**What to produce:** Only the pictures are to be left out; please reproduce everything else in the data exactly.

Exercise data START

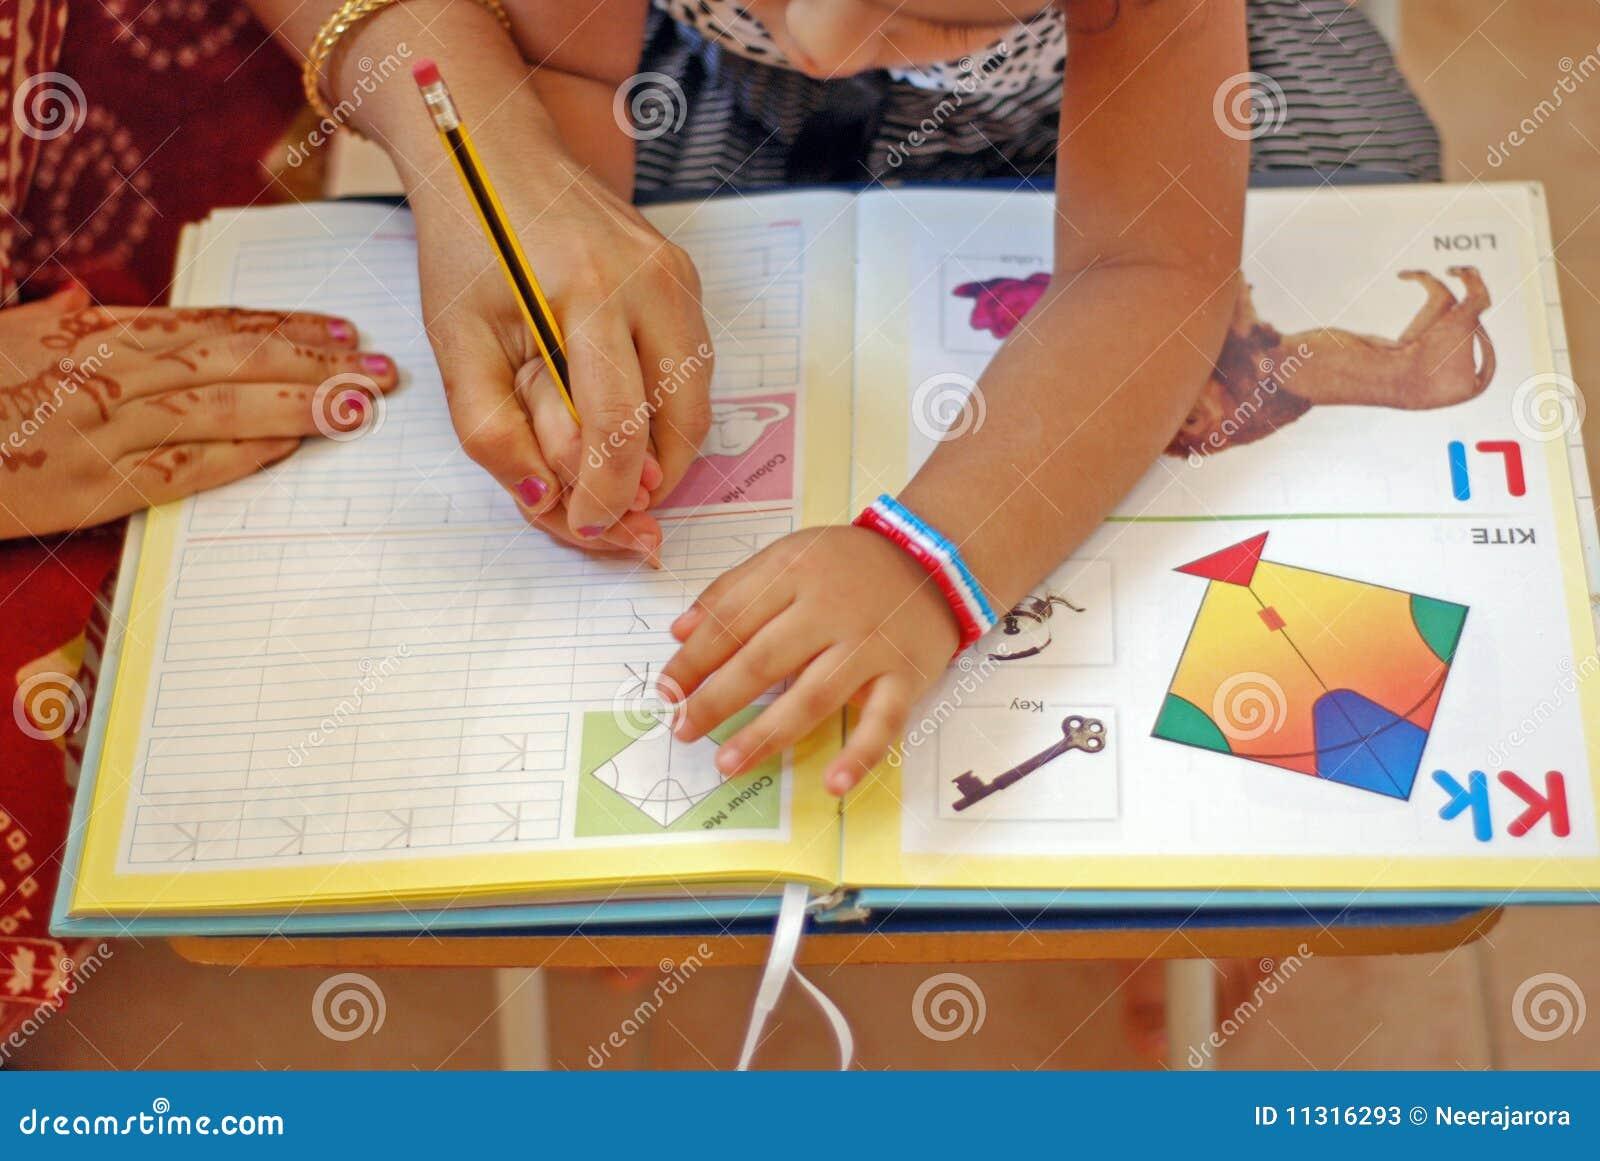 Ein Kind, das wie man erlernt, schreibt
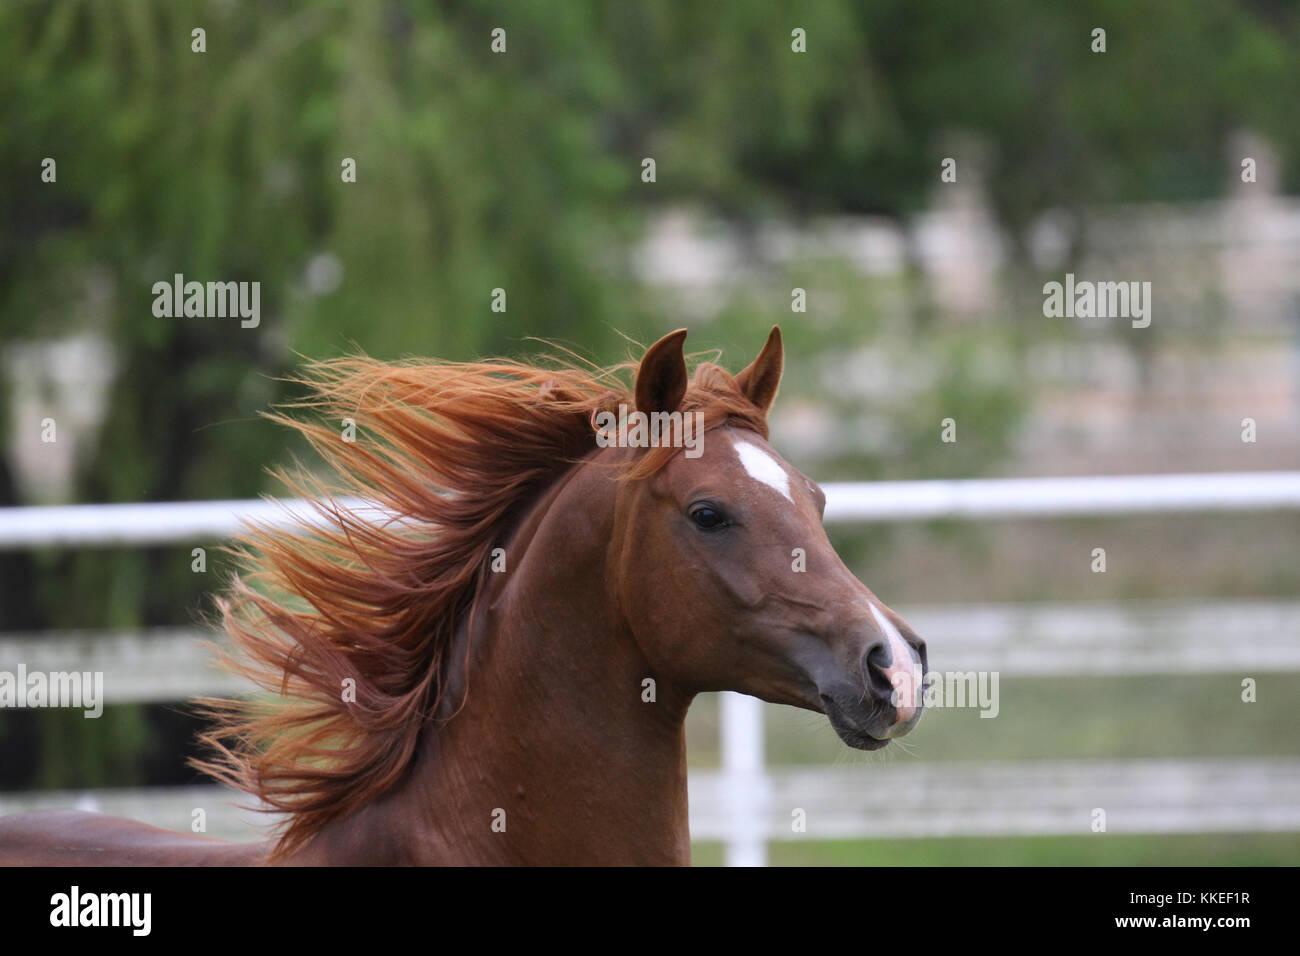 Chestnut arabischen Hengst Stockbild
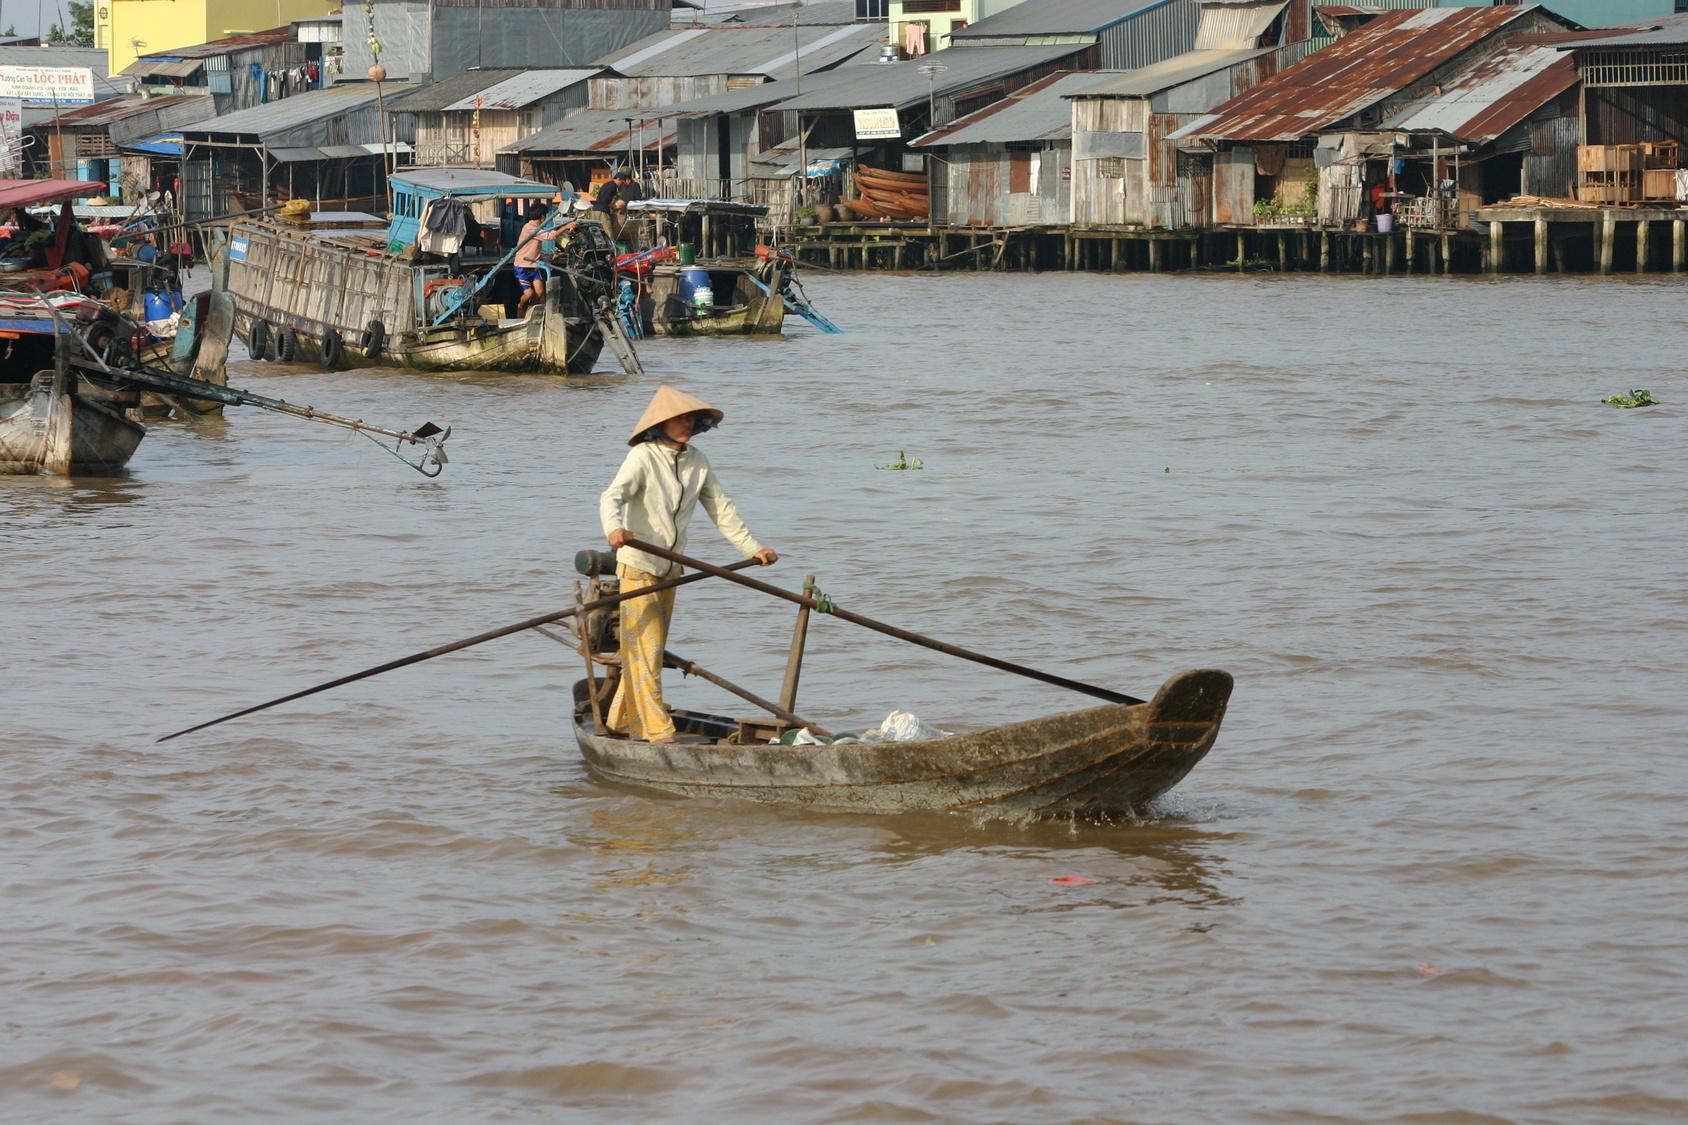 River Boat 5246690
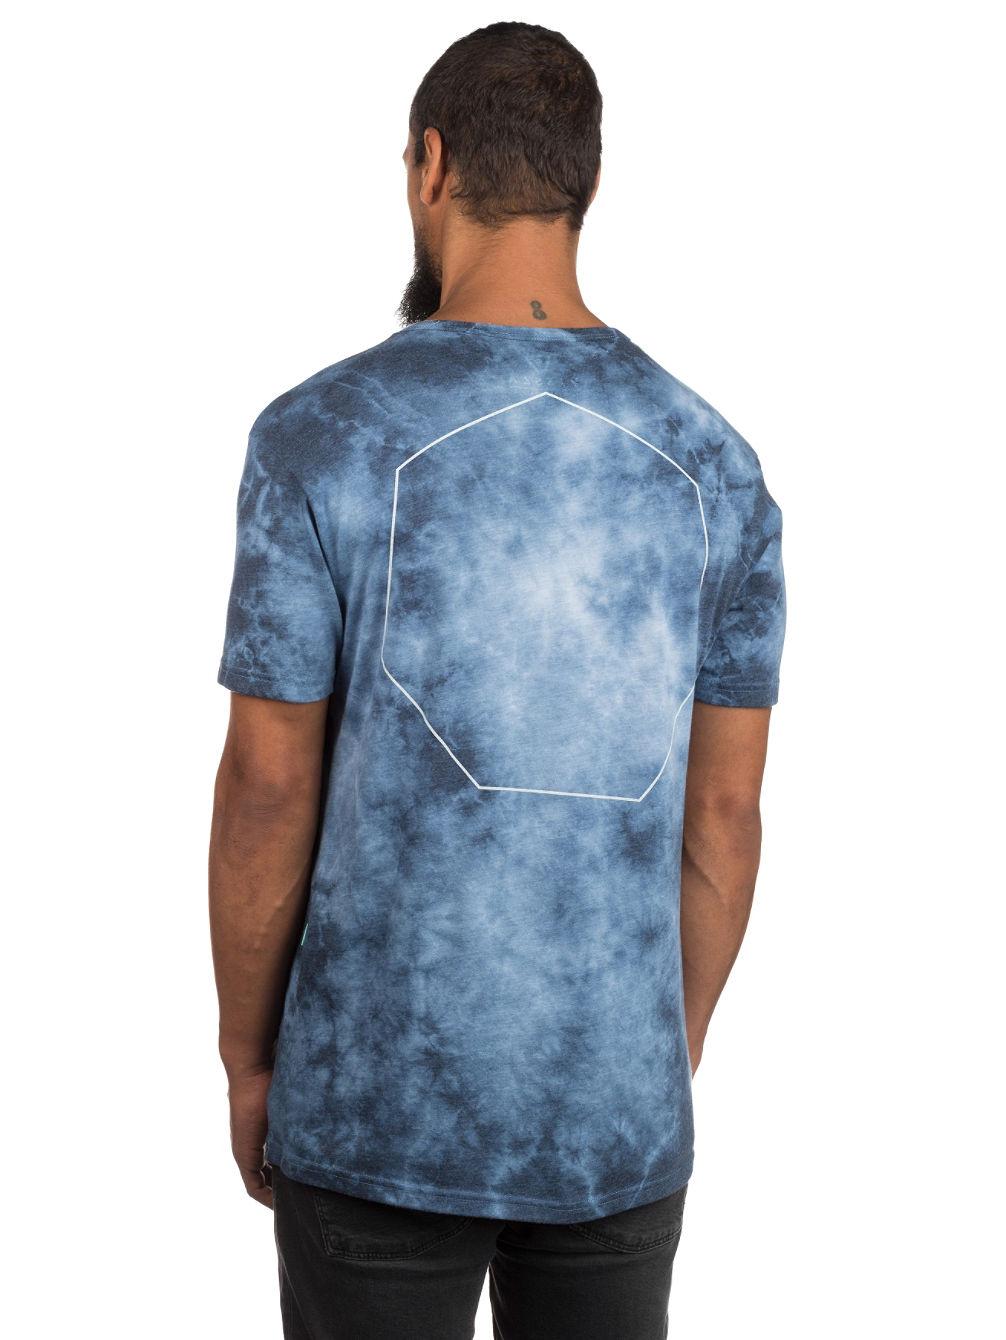 Compra Vissla Free Range Tie Dye Camiseta en línea en blue-tomato.com f95ad5b7e4473

Exercise data END

**Solution for this problem:**
 Ein Kind, das wie man erlernt, schreibt
 Chestnut arabischen Hengst Stockbild
 River Boat 5246690
 Compra Vissla Free Range Tie Dye Camiseta en línea en blue-tomato.com f95ad5b7e4473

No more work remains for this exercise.